(DATA RECORDS begins)

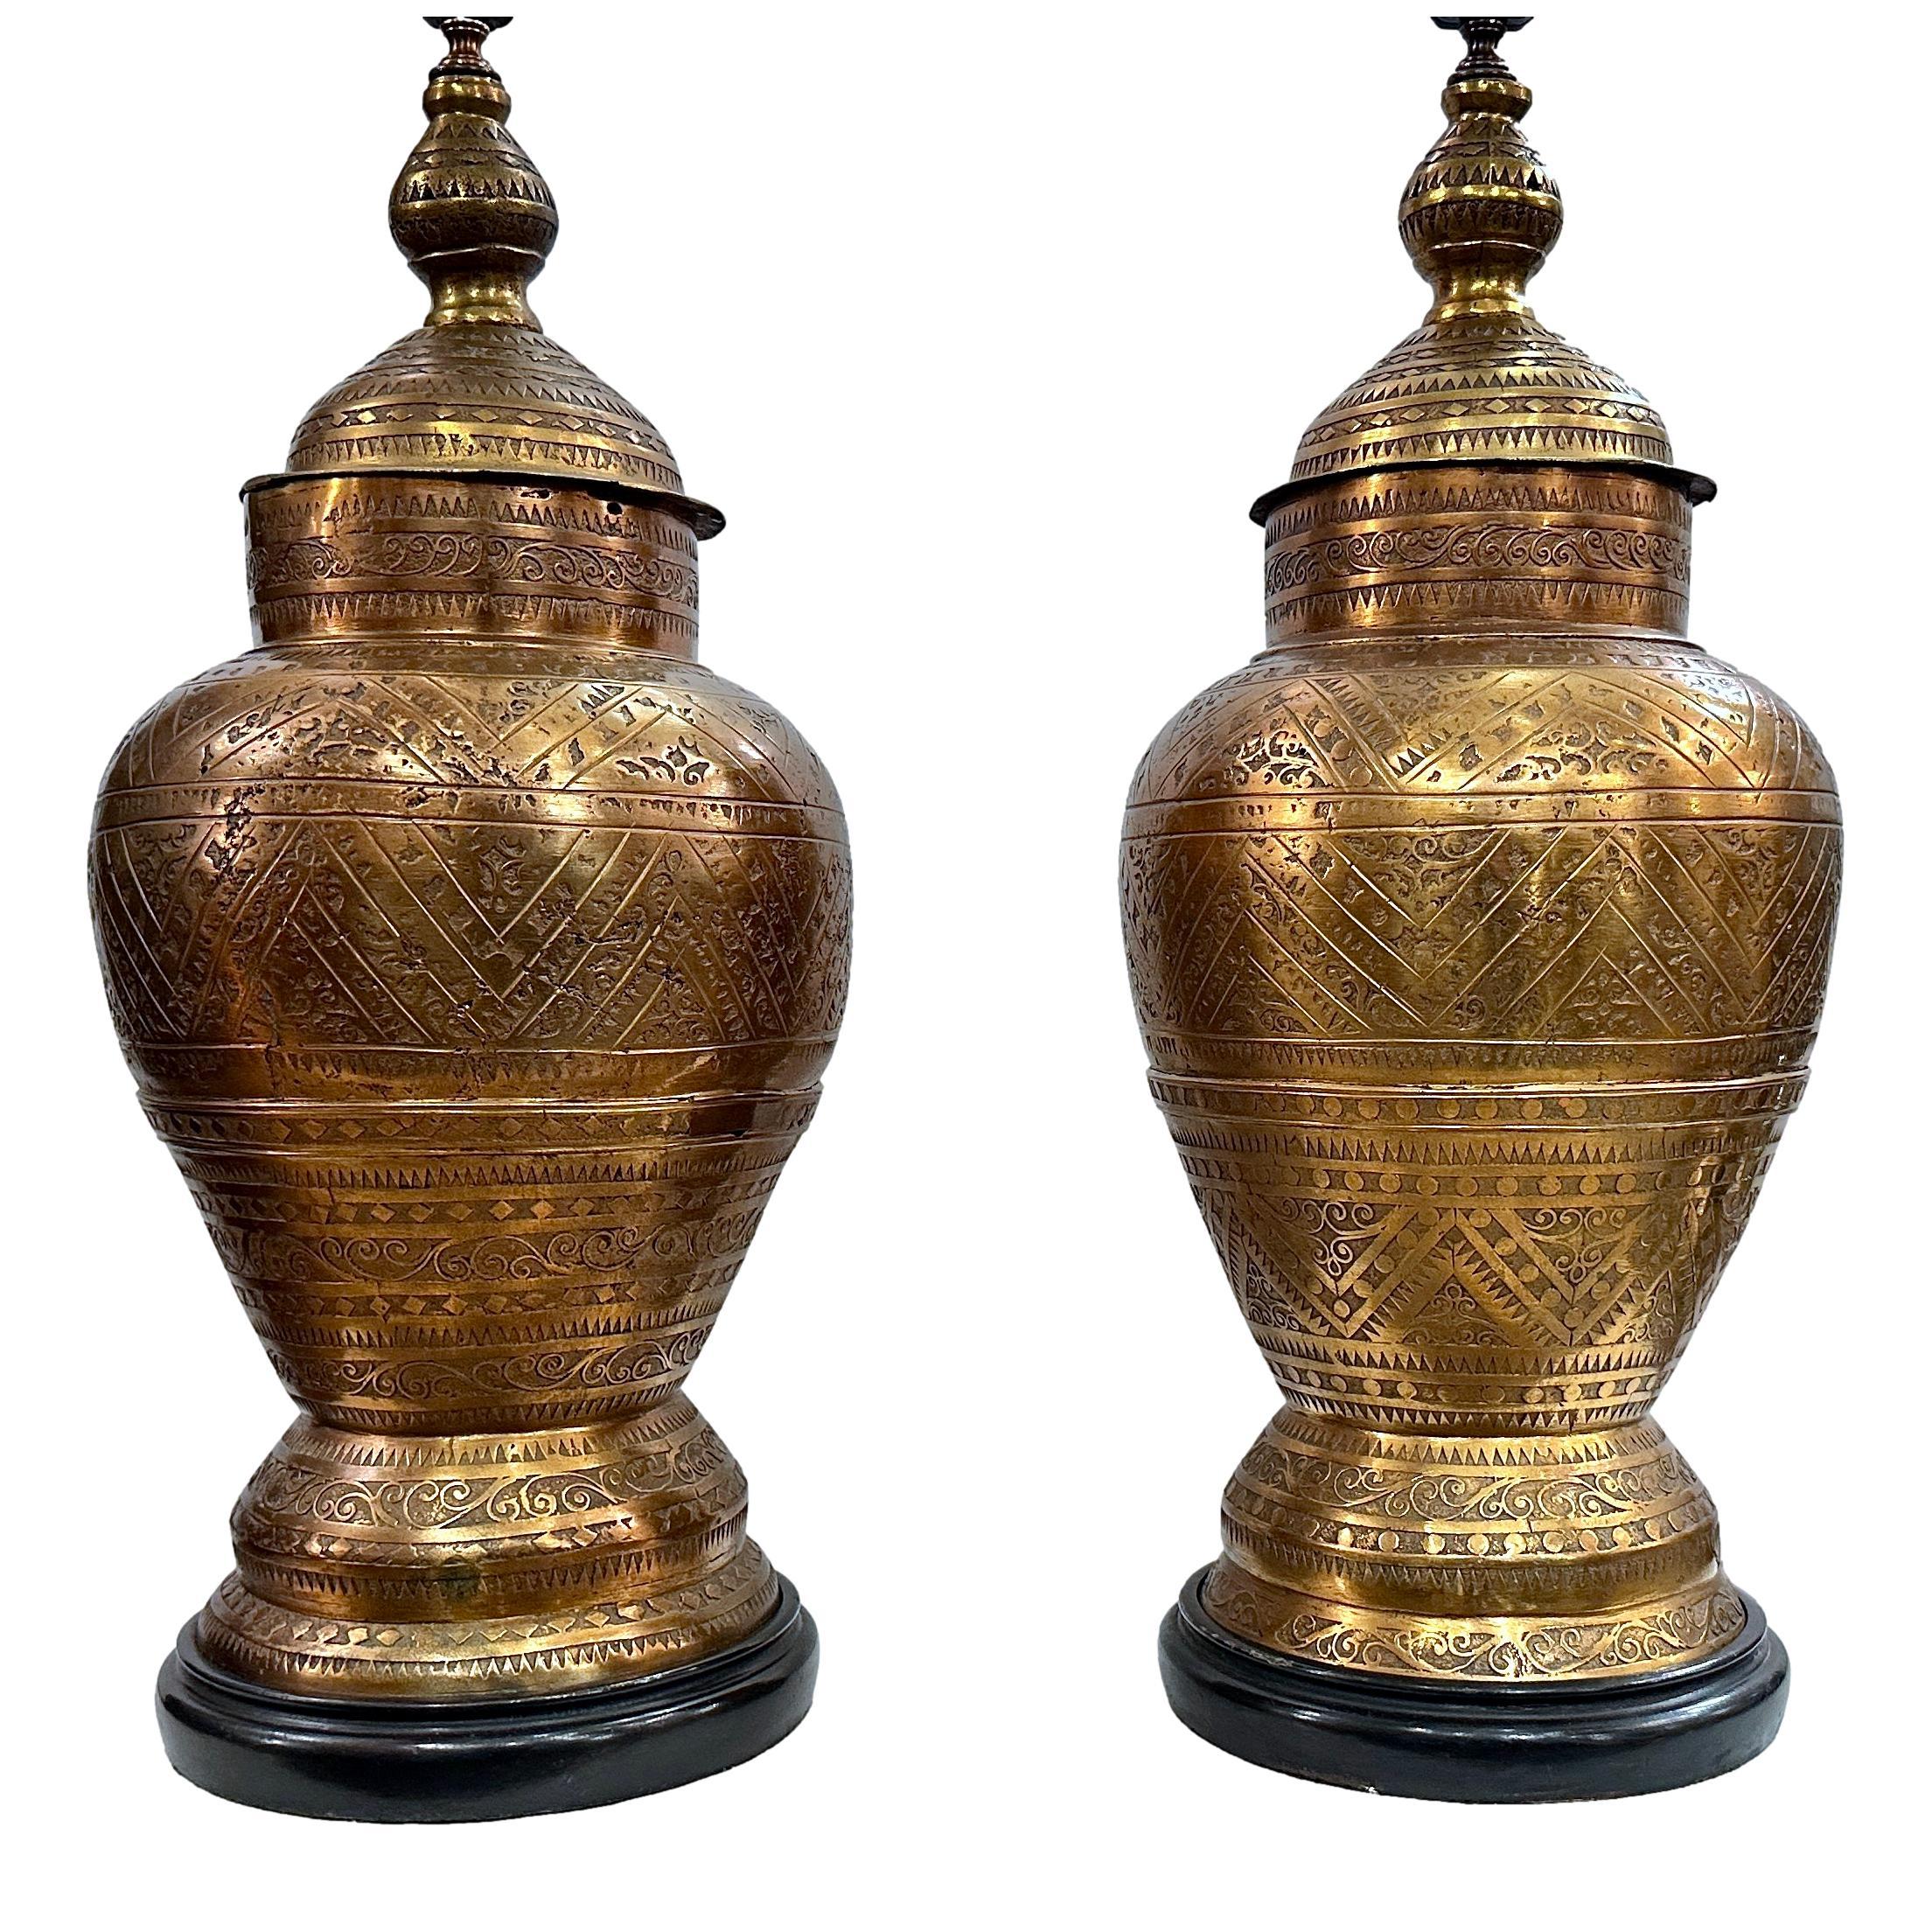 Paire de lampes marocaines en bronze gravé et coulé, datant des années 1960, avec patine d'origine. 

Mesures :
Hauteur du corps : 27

(DATA RECORDS ends)
(DATA RECORDS begins)

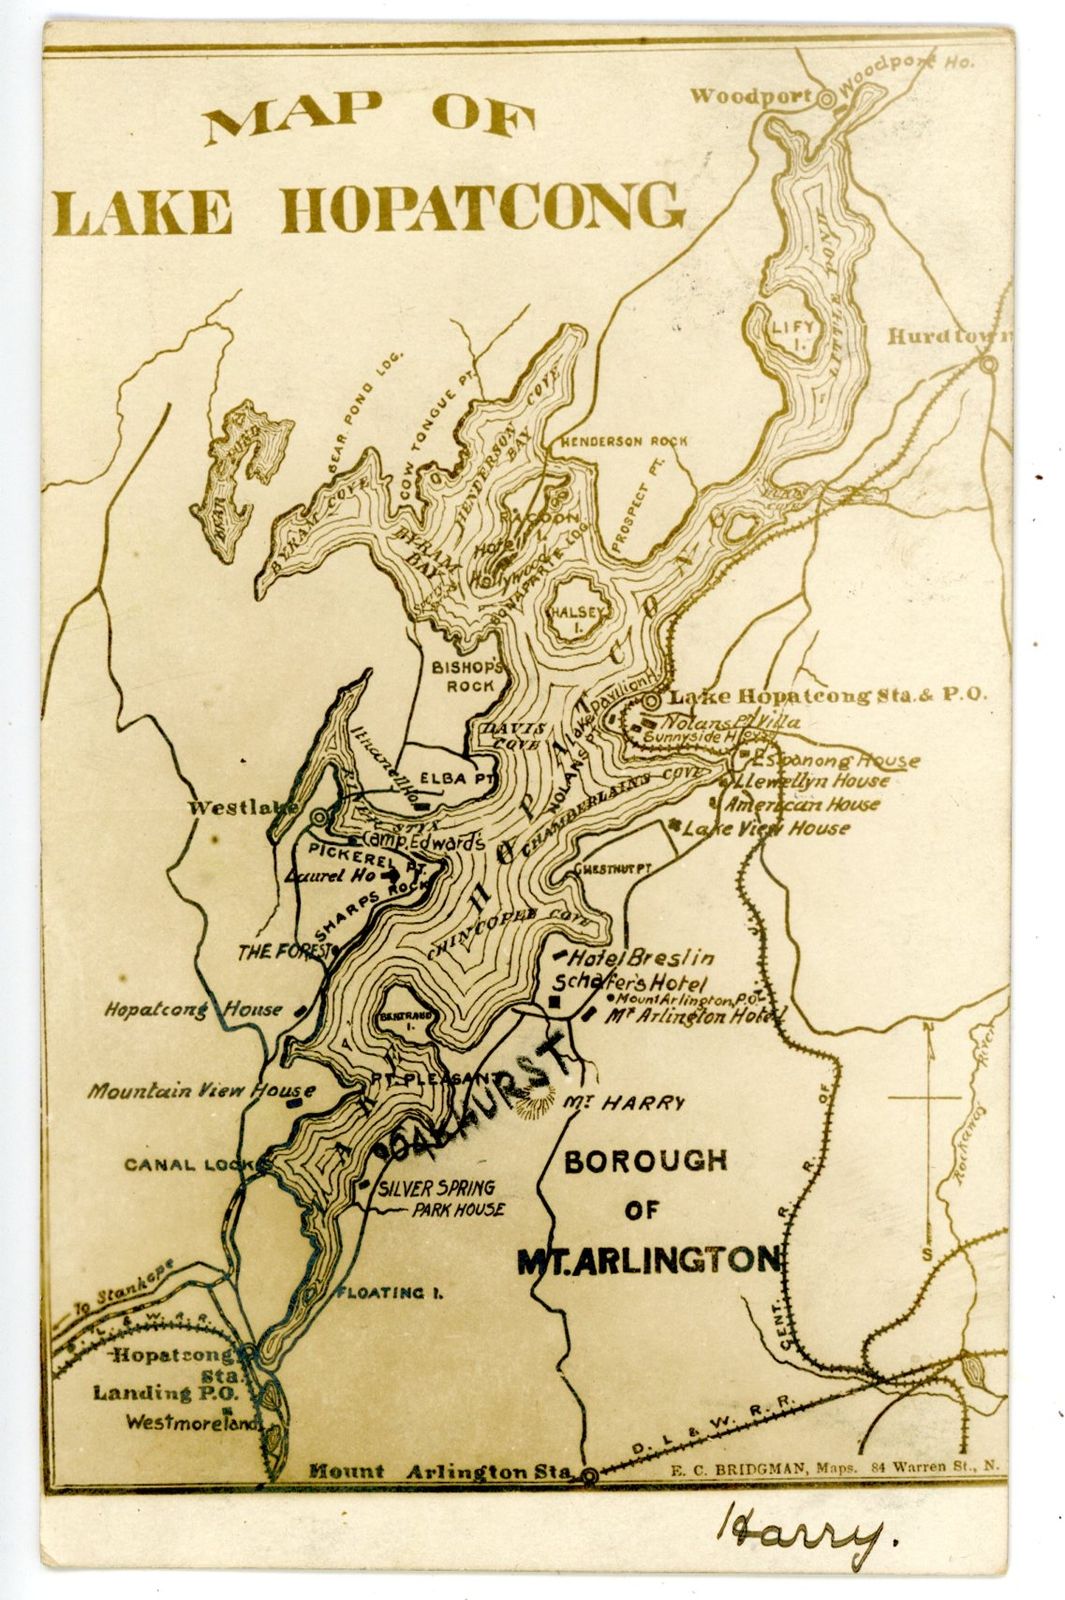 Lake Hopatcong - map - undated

(DATA RECORDS ends)

WHAT NEEDS TO BE DONE
Set down again, exactly, every line above from the one with "Paire de lampes" down to the one with "Hauteur du corps : 27", both ends included. No pictures, and nothing else.

ANSWER
 Paire de lampes marocaines en bronze gravé et coulé, datant des années 1960, avec patine d'origine. 

Mesures :
Hauteur du corps : 27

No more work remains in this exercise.